Other methods operate on the given networks directly. Many heuristic algorithms have been developed for gene networks [16, 189] and PPI networks [146, 68] to identify tightly connected components in the graphs. In PPI networks, Markov Clustering (MCL, [216]) has been particularly popular. The algorithm simulates random walks on a given graph by iteratively taking powers of the underlying stochastic matrix and inflating each entry until the graph is partitioned into subsets. MCL has been widely applied to discover protein complexes and cluster protein sequences into families [53, 219, 183], but still lacks theoretical justification.

In statistical network analysis, identifying tightly connected clusters corresponds to the problem of community detection. Model-based community detection requires a generative probabilistic model for random graphs, one of the most popular being the Stochastic Block Model [79]. In a SBM with K classes, for each node i, a latent class variable Zi ∈ {1,…, K} is assigned according to some categorical distribution. Then the probability of an edge between nodes i and j is given by P(Ai,j = 1|Zi = k, Zj = l) = Hk,l, where A is the adjacency matrix and H is the K × K connectivity probability matrix. The inference problems for SBMs involve both node classification and parameter estimation, and a block with a high internal edge probability can be considered as a potential functional module. An extensive literature on inference methods for SBM exists. On the other hand, although SBM and community detection have been applied to gene networks and PPI networks [74, 40], the vanilla model is too simplistic to account for real network features such as degree variation within blocks and overlapping blocks. These can be addressed to some extent using a degree-corrected SBM [98] and mixed membership SBM [5].

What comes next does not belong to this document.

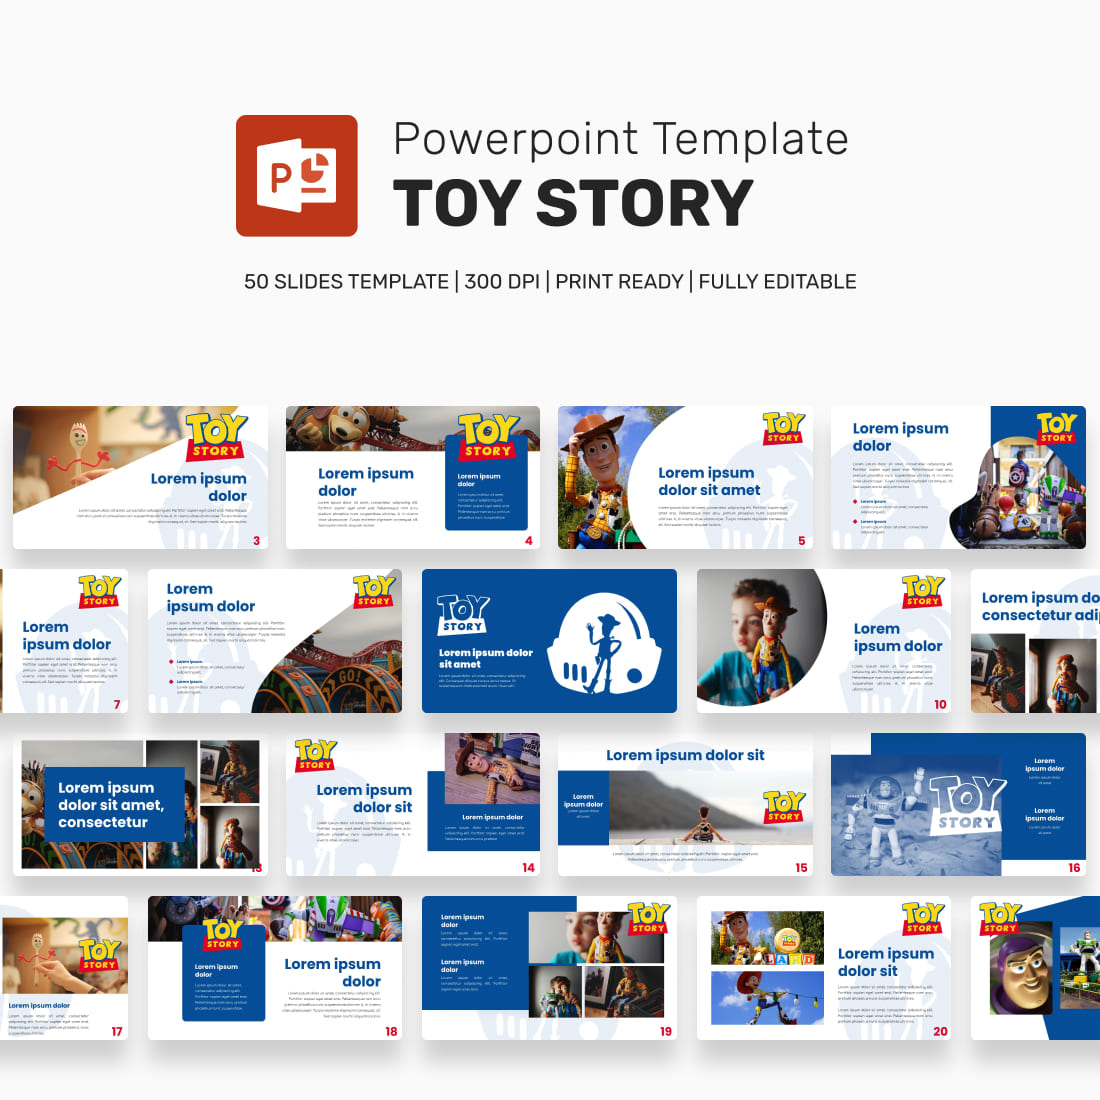 Toystory powerpoint template main cover.

Going beyond gene and PPI networks, recent advances in chromatin conformation capture techniques open up new ground for applying community detection algorithms. Chromatin conformation capture experiments like Hi-C measure the frequency of interaction between pairs of genome loci in 3D space, thus providing insights the spatial organization of genomes. One specific feature of the 3D organization is known as topologically associating domains (TADs), which are densely interacting, contiguous chromatin regions playing important roles in regulating gene expression [46, 187, 114]. Treating genome loci as nodes and their interactions as edges, one can consider the structure of chromatin as an interaction network with TADs corresponding to dense communities. Methods based on mixed membership SBM [21] and modularity maximization [244, 151] have been proposed but do not enforce the constraint that the communities in this case have to be contiguous. [225] proposed a network model that accounts for non-exchangeability of nodes (genome loci) and is capable of incorporating biological covariates at the TAD boundaries.

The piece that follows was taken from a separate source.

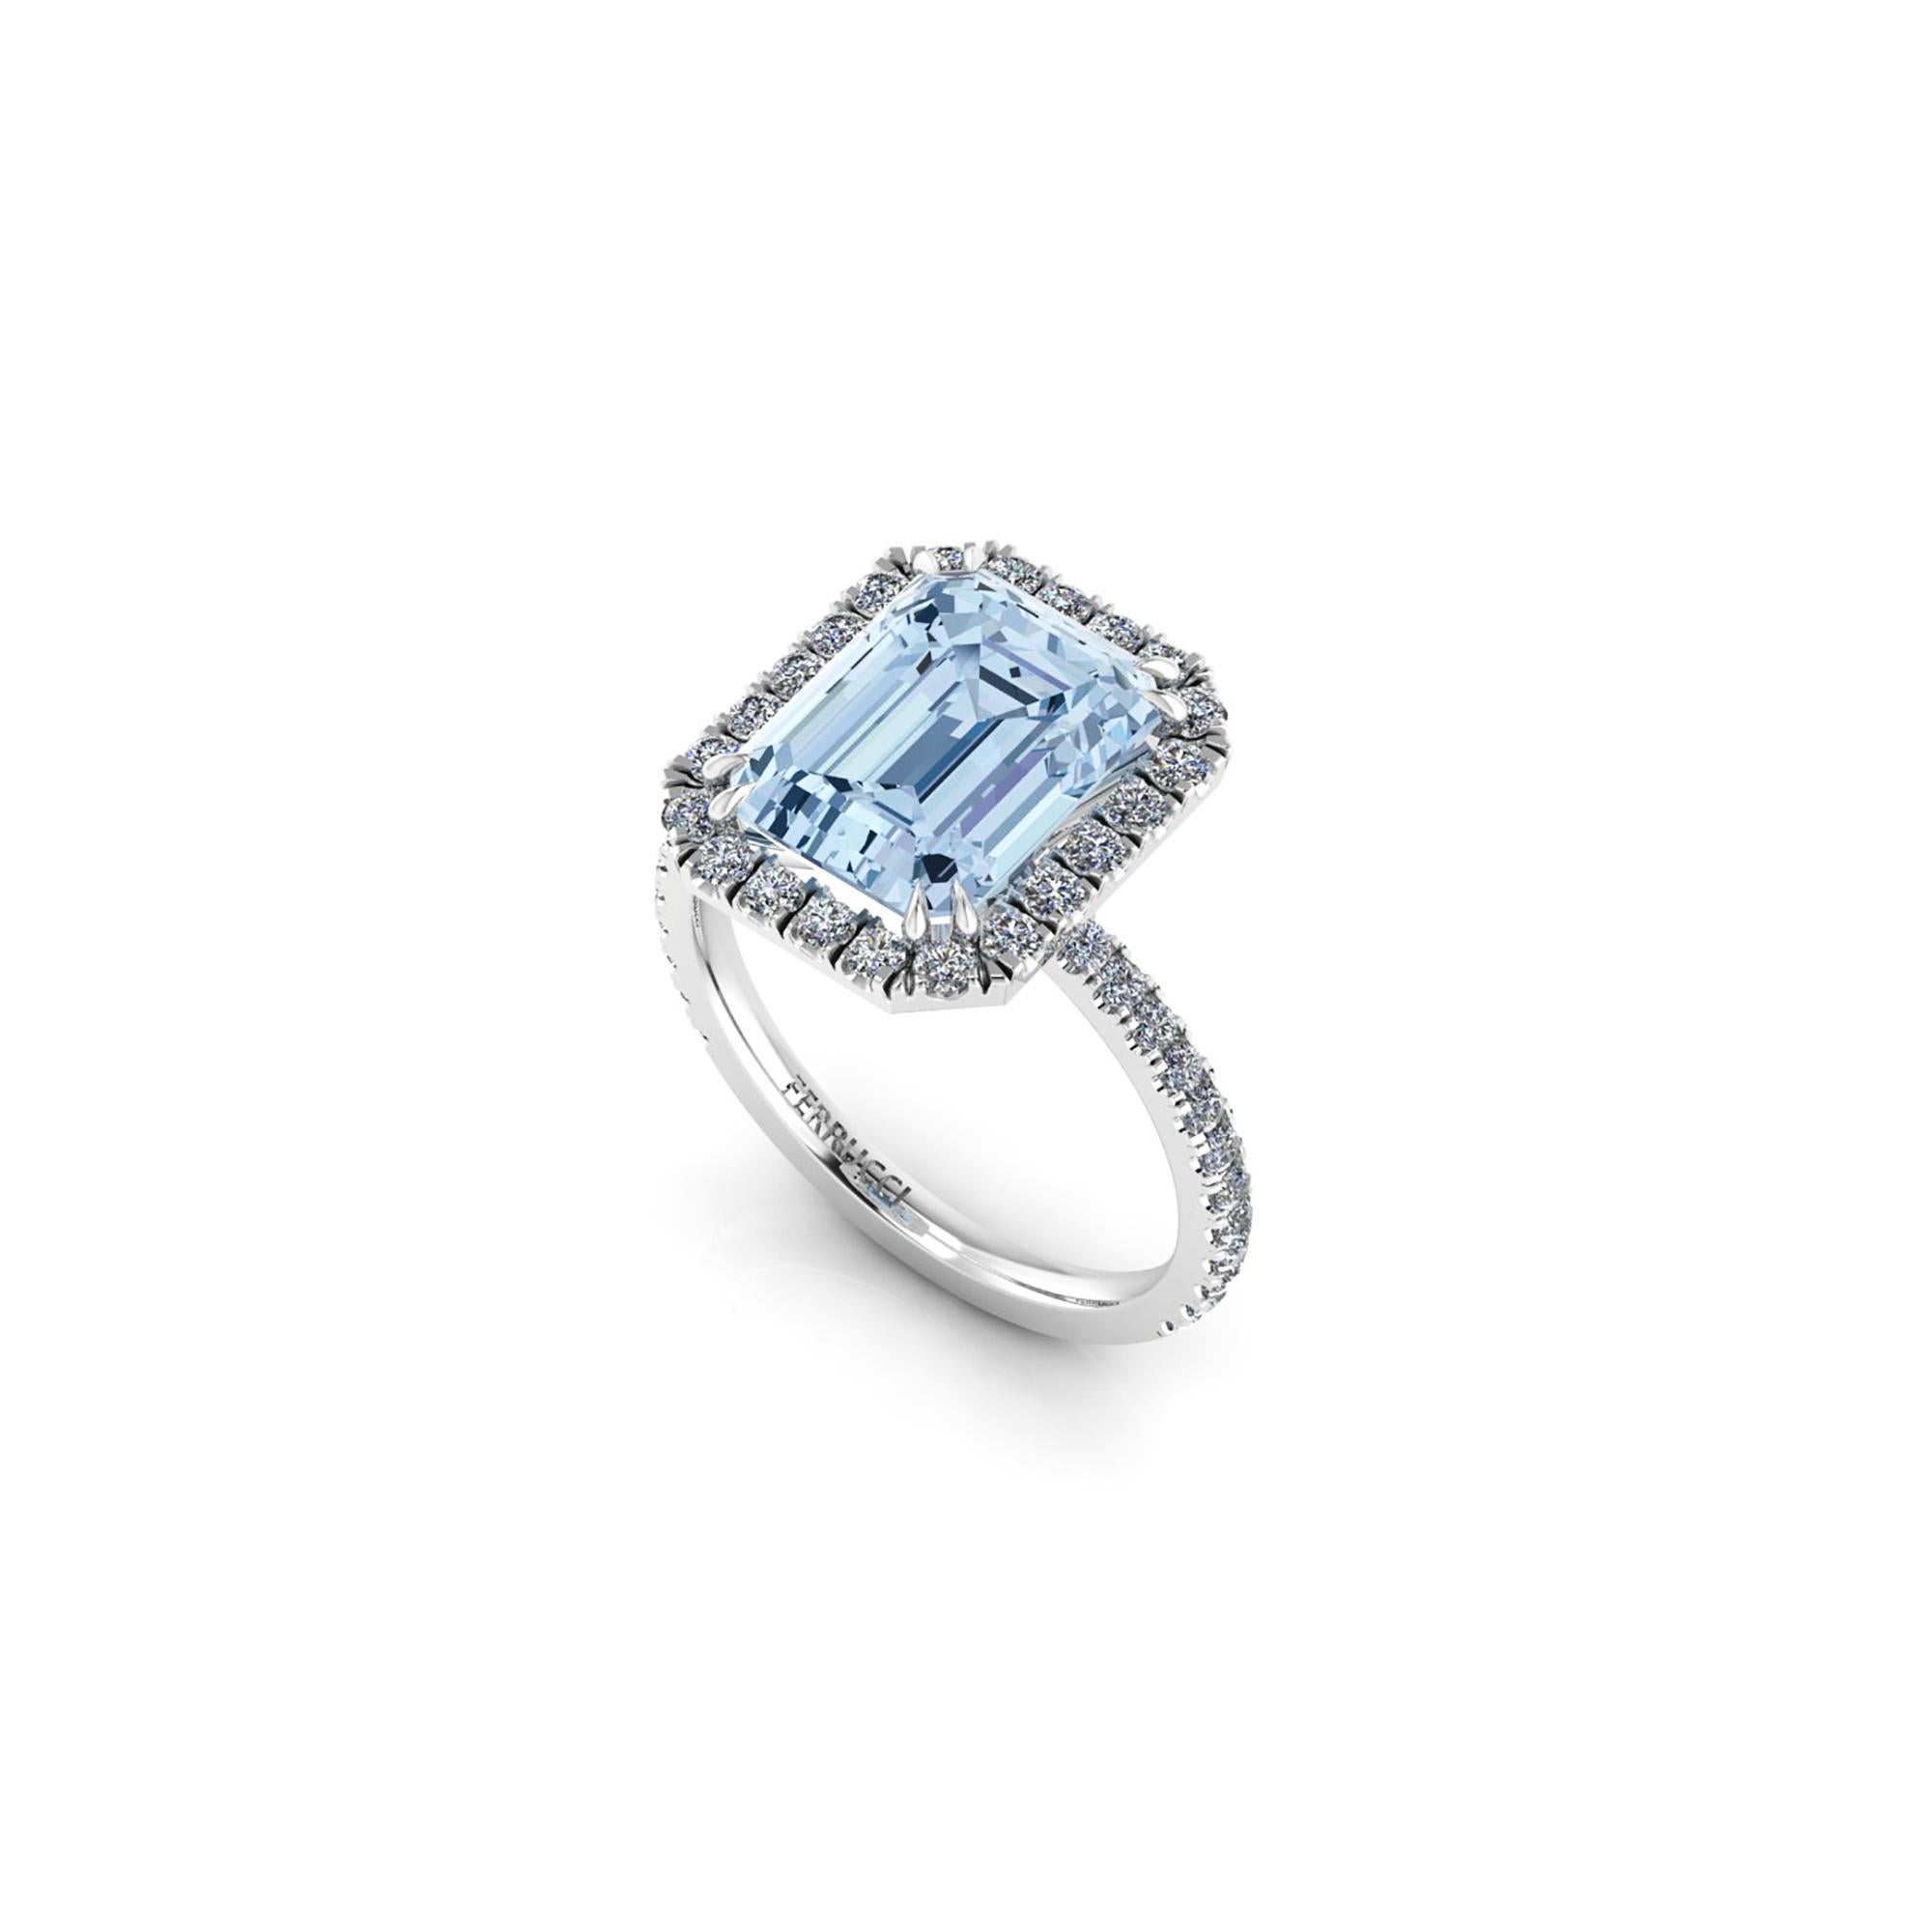 An exquisite 4.61 carat Aquamarine, emerald cut, very high quality color, eye clean gem, set with double claw prongs, embellished by a Halo of bright diamonds of approximately  total carat weight of 0.65 carat, set in an hand crafted, delicate and

Gene prioritization – semi-supervised clustering

When a specific biological process or pathway is concerned with partial knowledge of the process / pathway known, a relevant question that has been considered extensively under a supervised or semi-supervised setting in the literature is known as “gene prioritization” [145]. In general, gene prioritization refers to a computational analysis for ranking genes by their relevance to a disease or biomedical condition through a set of seed (bait) genes and some chosen relevance measure or criteria.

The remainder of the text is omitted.